Environmental Law Principles adopted by India

 

The Indian courts have successfully adopted specific environmental law principles from international environmental law jurisprudence and have combined a liberal view towards ensuring social justice and the protection of human rights. These principles have been incorporated in the Indian environmental jurisprudence and play a key role in decisions of judges even when not explicitly mentioned in the concerned statute. The principles of Indian environmental law are resident in the judicial interpretation of laws and the Constitution, and encompass several internationally recognized principles, thereby providing some semblance of consistency between domestic and global environmental standards.

 

1. Precautionary Principle:

 

A new principle for guiding human activities, to prevent harm to the environment and to human health, has been emerging during the past 10 years. It is called the "principle of  precautionary action" or the "precautionary principle" in short. This principle is controversial and its definition varies in terms of viewpoint. Environmentalists and consumer advocacy organizations that demand bans and restrictions on industrial practices or products would want policy-makers to take no action unless they would do no harm. States and advocates of economic development argue that the lack of full certainty is not a justification for preventing an action that might be harmful.

 

In India, for the first time in Vellore Citizens Welfare Forum v. Union of India , the Supreme Court explicitly recognized the precautionary principle. as a principle of Indian environmental law. In S. Jagannath v Union of India (Shrimp Culture Case), the Supreme Court Bench headed by Justice Kuldip Singh required the authority to deal with the situation created by the shrimp industry and issued remedial directions consistent with the precautionary and polluter pays principles. In A.P. Pollution Control Board v Prof M.V. Nayudu, the Court drew out the development of the precautionary principle in clear terms.

 

In the Narmada Bachao Andolan v Union of India, the Court explained that:

When there is a state of uncertainty due to the lack of data or material about the extent of damage or pollution likely to be caused, then, in order to maintain the ecology balance, the burden of proof that the said balance will be maintained must necessarily be on the industry or the unit which is likely to cause pollution.. Refusing to apply the "precautionary principle" used in cases dealing with inherently polluting activities such as heavy industries, the Court accepted the contention of the respondents that the project would have a positive impact by arresting the ecological degradation presently taking place in the drought-prone areas of Gujarat and Rajasthan, leading to sustainable agriculture and spread of green cover.
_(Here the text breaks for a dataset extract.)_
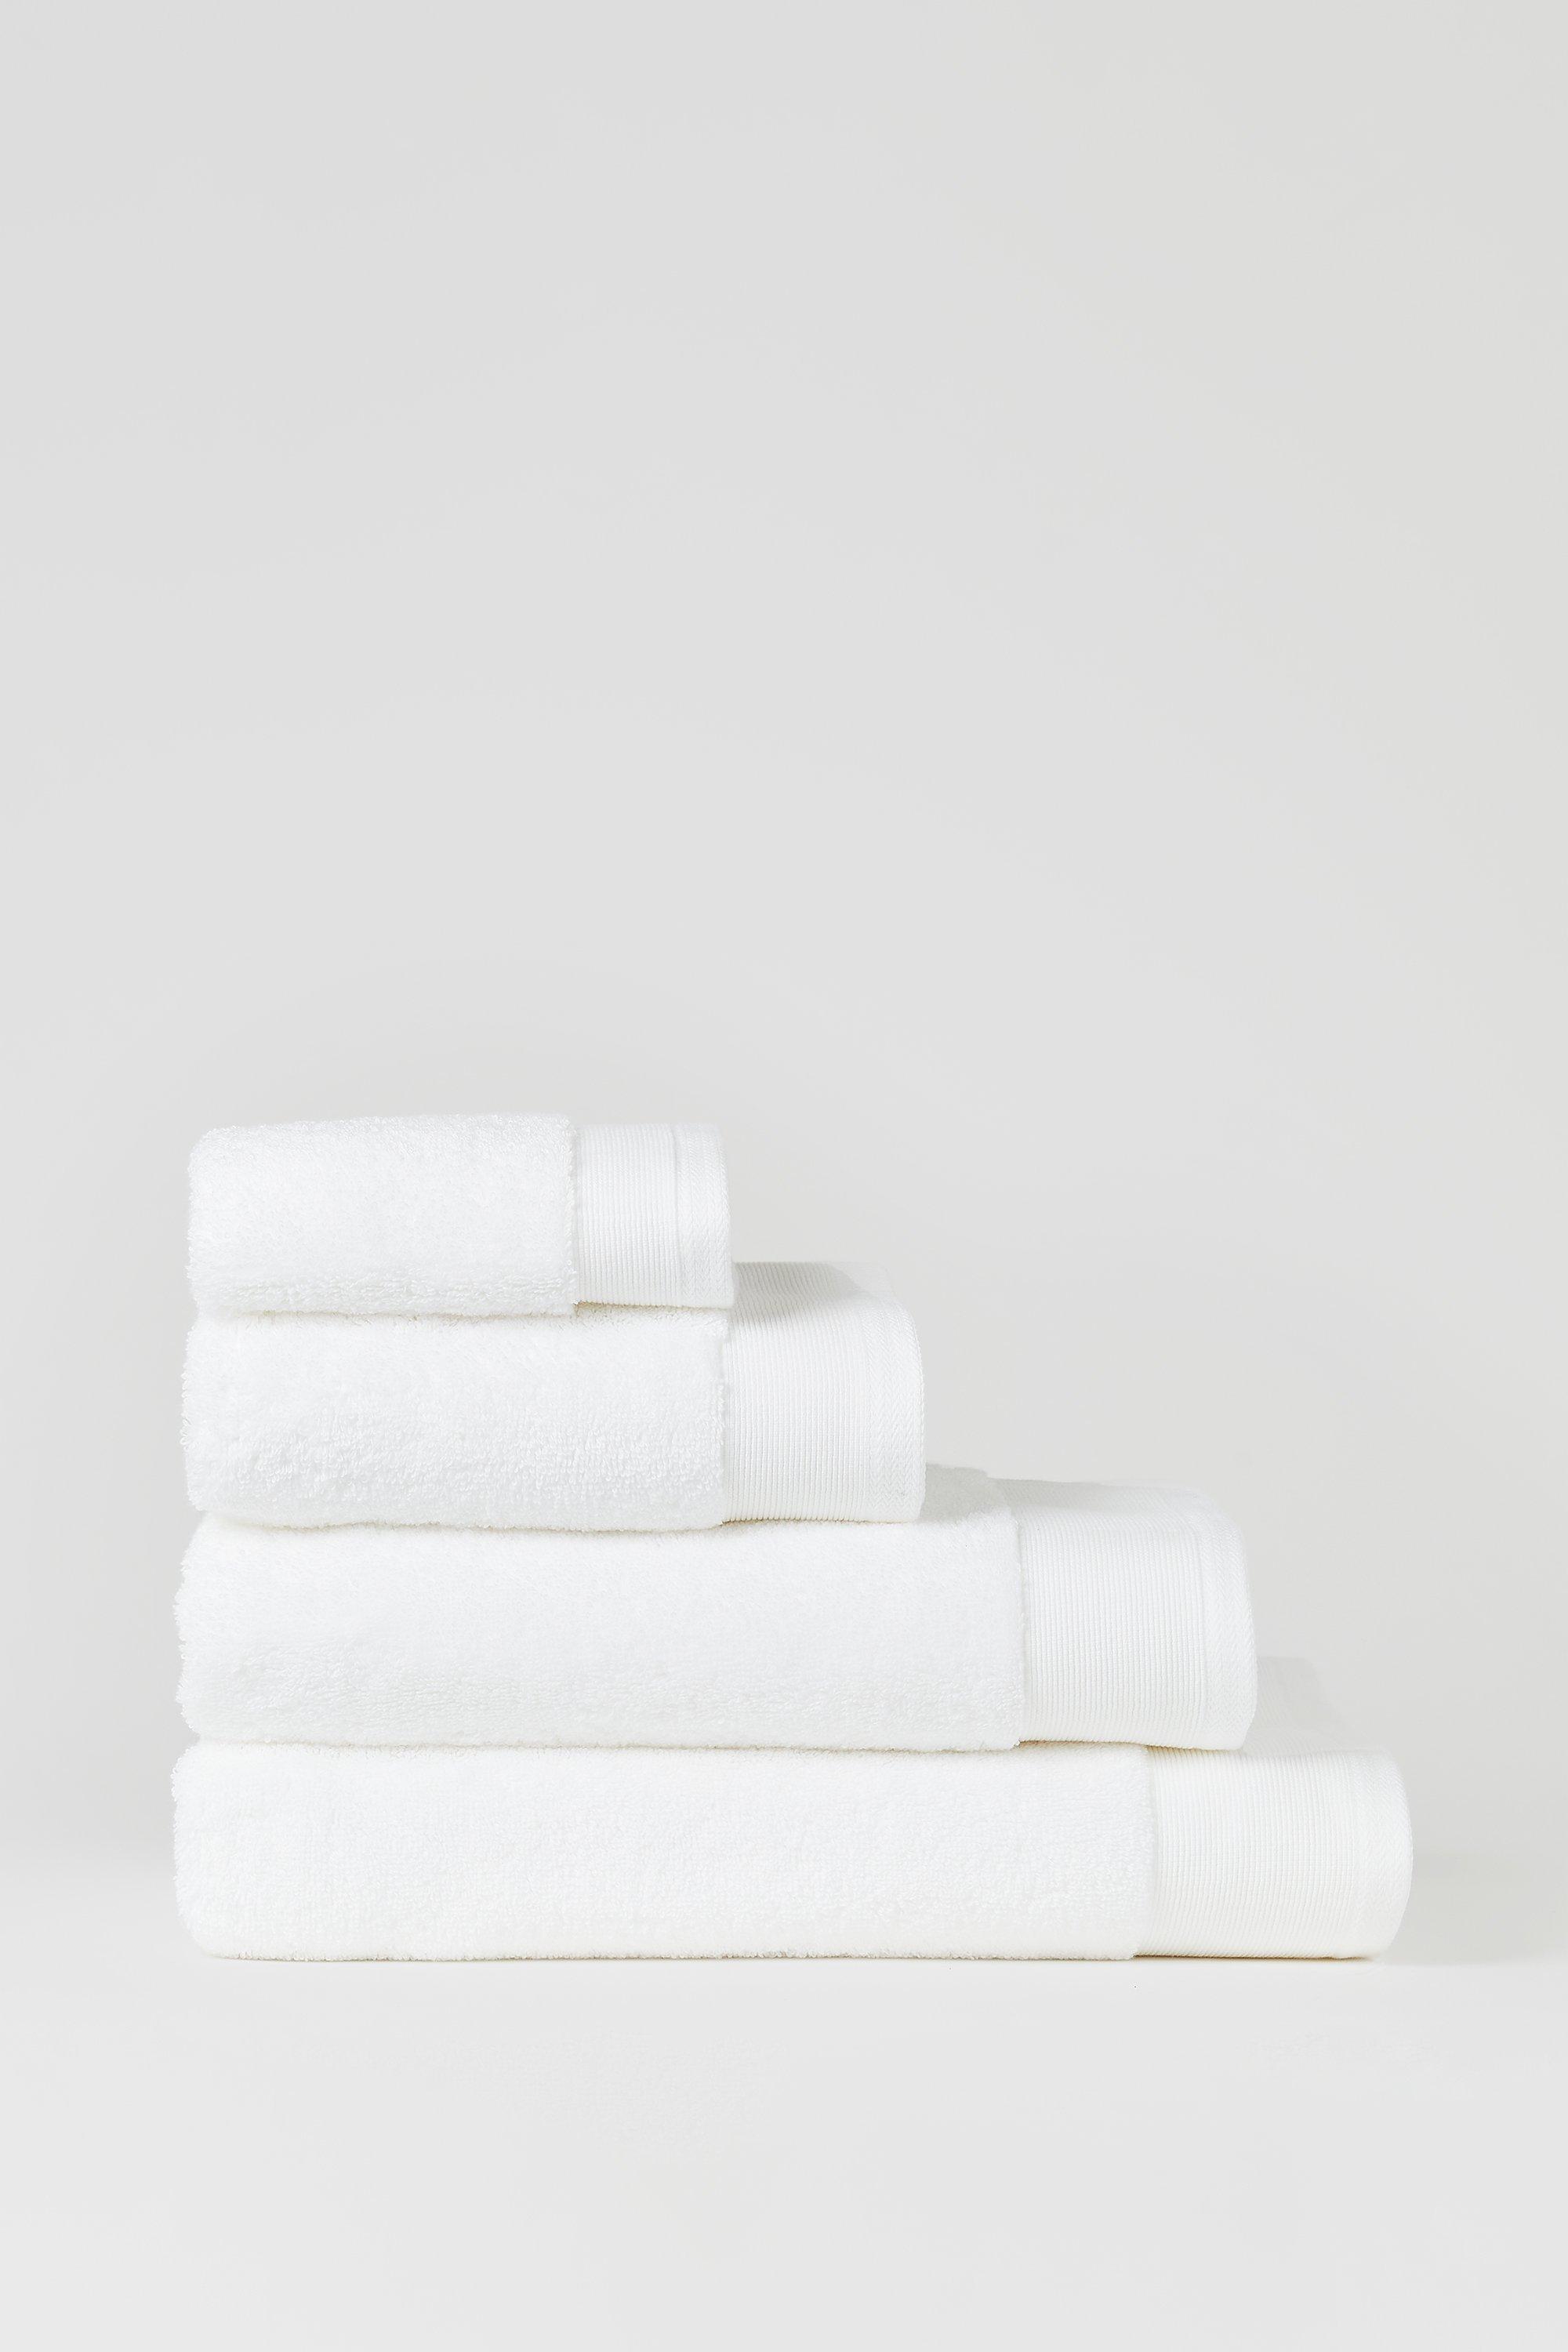 Picture of Egyptian Cotton Bath Towel

The generation of hydropower would avoid the air pollution that would otherwise take place by thermal generation.

 

The movement towards adopting the precautionary principle has definitely widened the scope of corporate accountability, but the interpretation taken by the court mitigates the relevance and incorporation of this principle in Indian Jurisprudence.

 

2. The .Polluter Pays. Principle:

 

The Supreme Court with the introduction of the principle of absolute liability in M.C Mehta v Union of India calculates environmental damages not on the basis of a claim put forward by either party, but through an examination of the situation by the Court, keeping in mind factors such as the deterrent nature of the award. . This rule has been endorsed in Indian Council for Enviro-Legal action v Union of India and Vellore Citizens welfare Forum v Union of India. However, the Supreme Court held recently that the power under Article 32 to award damages, or even exemplary damages to compensate environmental harm, would not extend to the levy of a pollution fine.

 

3. Sustainable Development and Inter-generational Equity:

 

In Narmada Bachao Andolan v. Union of India43 it was observed that: Sustainable

development means what type or extent of development can take place, which can be sustained by nature/ecology with or without mitigation.. Earlier in the Vellore Citizens Welfare forum v Union of India , the traditional concept that development and ecology were opposed to each other was rejected and sustainable development was adopted. In the Taj Trapezium case this principle was accepted and again it was said that development of industry is essential for the economy of the country but at the same time the environment and ecosystem has to be protected.

 

In State of Himachal Pradesh v. Ganesh Wood Products, the Supreme Court invalidated forest-based industry, recognizing the principle of inter-generational equity as being central to the conservation of forest resources and sustainable development. In the CRZ Notification case 46 the courts carried forward the concern for sustainable development by expressing its concern at the adverse ecological effects, which will have to be borne by future generations.

4. Public Trust Doctrine:

 

The  Public  Trust  Doctrine,  evolved in M.C. Mehta  v.  Kamal Nath,  states  that  certain common  properties  such  as  rivers,  forests,  seashores  and  the  air  were  held  by  Government  in  Trusteeship  for  the  free  and  unimpeded  use  of  the  general public. Granting lease to a motel located at the bank of the River Beas  would interfere with the natural flow of the water and that the State Government had  breached  the  public  trust  doctrine. The Supreme Court enunciated Professor

Joseph Saxs doctrine of public trust in this case to further justify and perhaps extract state initiative to conserve natural resources, held that the state, as a trustee of all natural resources, was under a legal duty to protect them; and that the resources were meant for public use and could not be transferred to private ownership. This doctrine was further reiterated in M.I Builders Pvt Ltd v Radhey Shyam Sahu.